Darby followed Greta through the heavy wooden door. There was a small musty foyer that led to a narrow and well-worn set of wooden steps bleached by years of use. The air reminded Darby of his grandparent’s storm cellar at their little farmhouse in rural Iowa. Greta lifted the front of her skirt to climb the steps. The sound of her wood heeled shoes resounded loudly.

“He is just on the fourth floor,” she said.

“Please tell me he’s going to be home when we get there,” Darby was already dreading the thought of climbing more stairs, especially if they discovered that it was all for not.

“He works all the time.”

She took the stairs more easily than Darby. She was used to walking up and down flights of stairs as a matter of course. Darby was quickly longing for an elevator.

“God, I hope,” he muttered under his breath.

Darby stopped to rest on the third floor.
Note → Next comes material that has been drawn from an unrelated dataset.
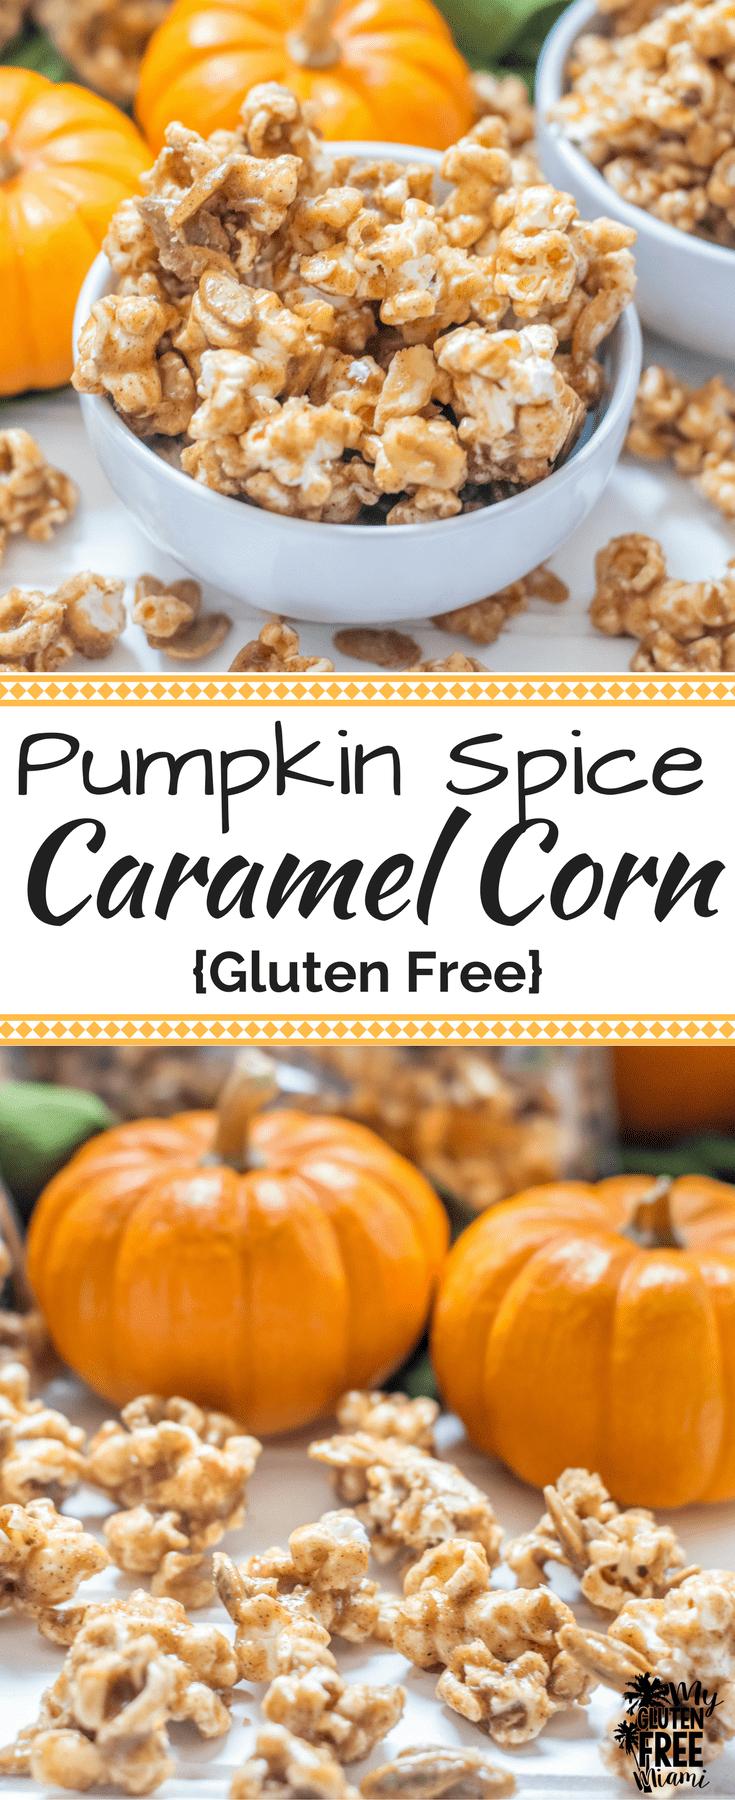 Pumpkin Spice Caramel Corn with Pumpkin Seeds and Walnuts

His thighs burned and he fought to catch his breath. Seeing him, Greta frowned.

“Are you really in such terrible shape?”

“I’m a college professor. I’m not use to this.”

“Such a young man,” she teased, “already with one foot in the grave.”
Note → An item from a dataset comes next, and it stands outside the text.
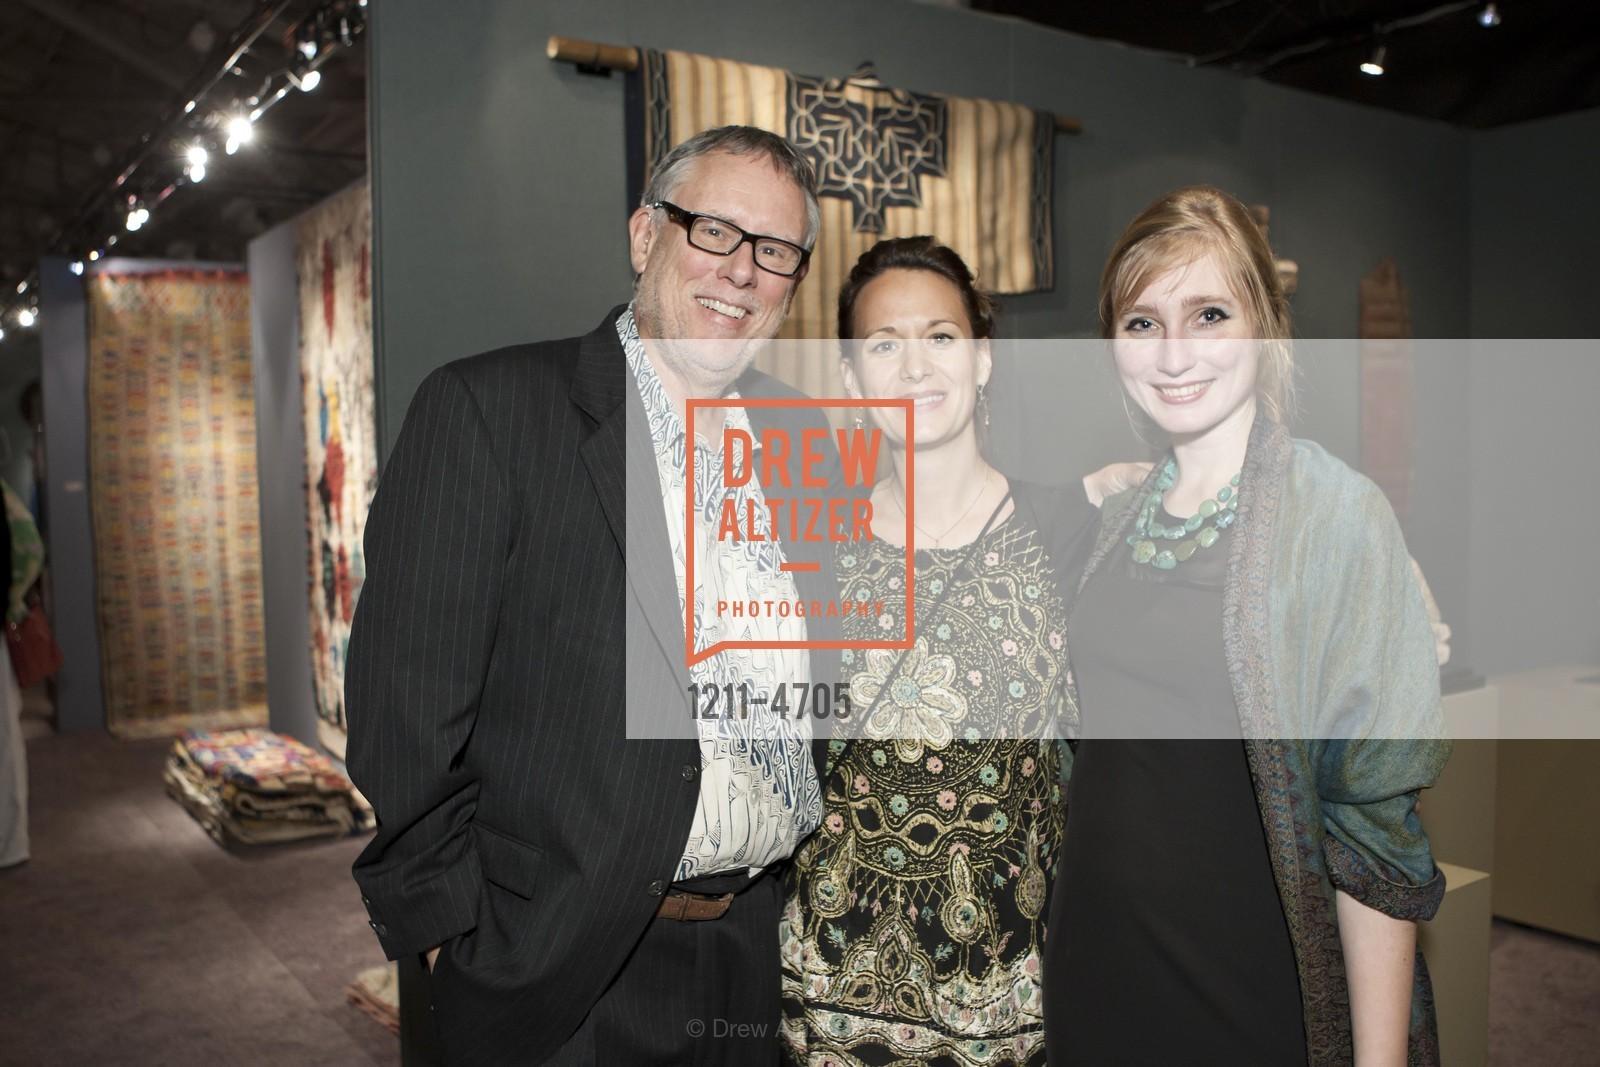 Thomas Murray, Nora Stratton, Krystal Hale, Photo #1211-4705

Darby pushed himself forward, meeting her at the bottom of the stairs. “Exactly where is that grave? I’ll gladly throw the other foot and the rest of me in!”

Greta could only shake her head as Darby grudgingly climbed the last several steps. She was still facing him when, to Darby’s great relief, he noticed the passing of an errant shadow in a gap at the bottom of the door.
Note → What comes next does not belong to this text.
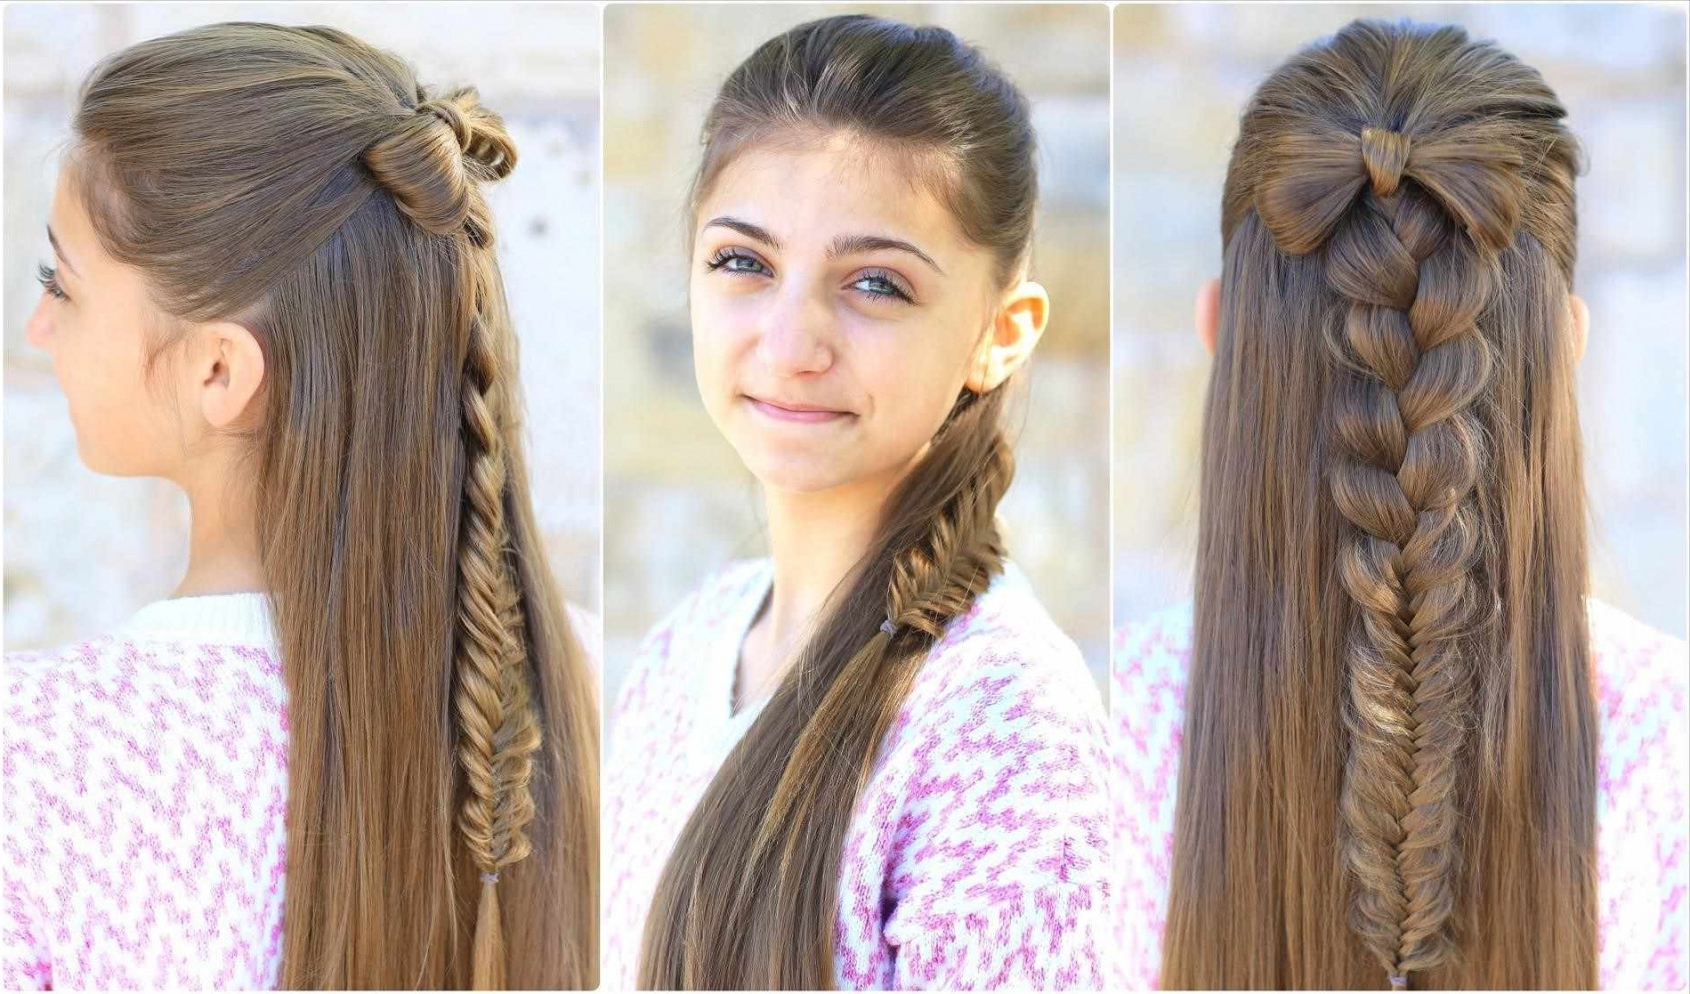 Preferred Easy Braided Hairstyles Regarding Cute And Easy Braided Hairstyles (View 9 of 15)

Greta turned and politely rapped the end of her parasol against the door. A moment later it opened revealing a tall slender dark haired and stunningly handsome man with a long tapered mustache.  Josef Block’s eyes were a haunting shade of blue, unlike anything Darby had ever seen before. He found them intense and almost damaged, lingering with him even after Herr Block had looked away. More than that, those eyes seemed a sort of funnel to the world, taking in a broad spectrum, from the mundane to the emotional, and cataloguing every subtlety and detail in between. Quickly recognizing that Darby was entirely out of his element, Block returned a reassuring and gentle smile.

As for attire, if remaining inconspicuous and inoffensive was the style of the day, Josef Block carried that mandate to the extreme in exquisitely perfect banality. He wore simple brown-wool trousers held up by black suspenders which stretched over a broad white shirt with great puffy French sleeves. The shirt was hopelessly stained with splotches paint and splatters of ink. Draped and neatly folded over the back of a chair was a clean gray smock.

“Greta! Wunderbar zu sehen sie!” wonderful to see you, he exclaimed. Block threw his arms out wide and brought them together at her hand, which he lifted to kiss in gentlemanly fashion.

“Und dir also, Herr Block,” Greta said with a curtsey.

“Block? Josef Block?” Darby said, surprised. He unwittingly used the hard “J” sound.


“Forgive me, do you speak English?”

“I can translate,” Greta offered.

“It’s okay, I speak a little,” Block replied.

“Forgive my terrible German, but I was a fan of your work when I was in university some years ago.”

“They know if me and America?” Block replied.

Darby suddenly realized that much if not most of what he knew of Joseph Block still had not happened yet. They were roughly the same age as well, so “years ago,” would have had Herr Block famous even before starting school.  Darby, of course, knew well the fate which would befall Josef Block after the Nazis came to power, but that was still almost thirty years away. For Darby that made the optimistic and smiling young man before him all the more tragic.